It does appear to be PCI. Yes, I don't see any significant changes in the agp
code (other than the one mentioned below)

> Damn, that's going back a bit..
> But again, this driver hasn't really changed much since 2.5.x, so I'm
> wondering if this is a side-effect of some change in another subsystem.
> Can you narrow it down to a specific kernel version where it broke ?
> 2.6.15 -> 2.6.18 is such a huge delta it's not even worth looking at.
> Narrow the scope, and I'll eyeball the pci changes etc.

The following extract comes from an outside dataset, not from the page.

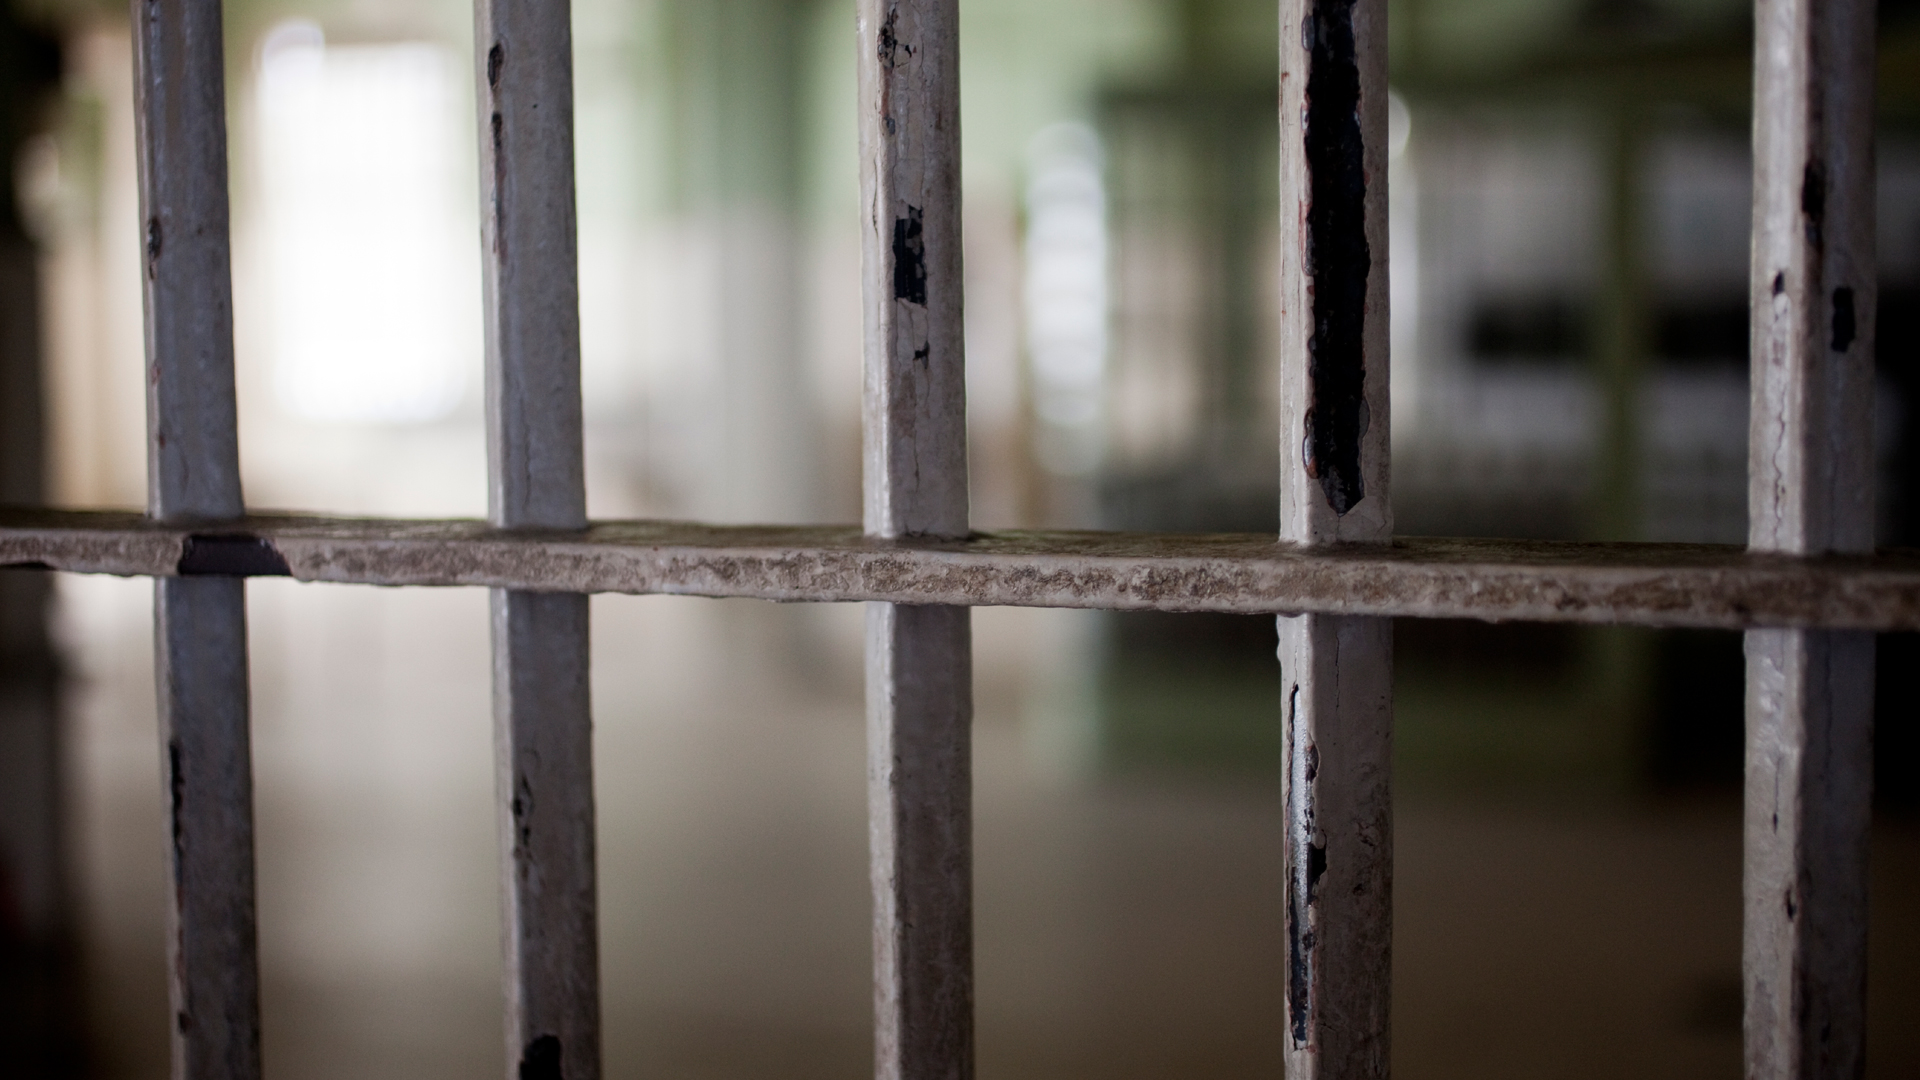 Twice sentenced for double murder, Nebraska death row inmate dies

> I don't have any AMD hardware to test any more, so I've no chance of
> trying to reproduce this. All I can suggest is to try and narrow
> down where it's failing, and then maybe I'll have enough clues to hazard
> a guess at the cause.

I'm going to do some git bisect fun (best time to learn how to do it) and
narrow this down later when I get back from work. We should find the cuprate
later today.

> > Looking at the differences, I noticed some changes in generic.c for
> > determing the AGP speed. I don't know if this has anything to do with
> > this breaking. This video card is a Radeon 7500 AiW 64MB DDR and can do
> > AGP4x and BIOS has AGP4x turned on by default. But this all would fail
> > even before X is started if agpgart finds no chipset.
>
> That code runs later when /dev/agpgart is open()'d, so it shouldn't
> affect this. It shouldn't be hard to revert though if you want to
> try it. Also, that only changed the AGPx8 path, which no K7 chipsets can
> do. If you ended up running that code, something is deeply screwed.

> Dave

I can certainly do a quick debug on that to confirm if it is or not hitting
that code path later today.

Thanks Dave. I'll provide you more info once I narrow things down a bit.

Shawn.

2006-12-11 02:07:24

by Kevin Puetz

[permalink] [raw]
Subject: Re: [2.6.19-rc1][AGP] Regression - amd_k7_agp no longer detected

Shawn Starr <shawn.starr <at> rogers.com> writes:

>
> On Friday 06 October 2006 2:08 am, Dave Jones wrote:
> > On Fri, Oct 06, 2006 at 01:50:19AM -0400, Shawn Starr wrote:
> > > When loading amd_k7_agp nothing appears from kernel, no information
> > > about the AGP chipset/aptreture size etc. Even putting kprints inside
> > > the probe() function of the driver does not get called.
> >
> > Even as the first thing in agp_amdk7_probe() ?
> ... (http://thread.gmane.org/gmane.linux.kernel/453869)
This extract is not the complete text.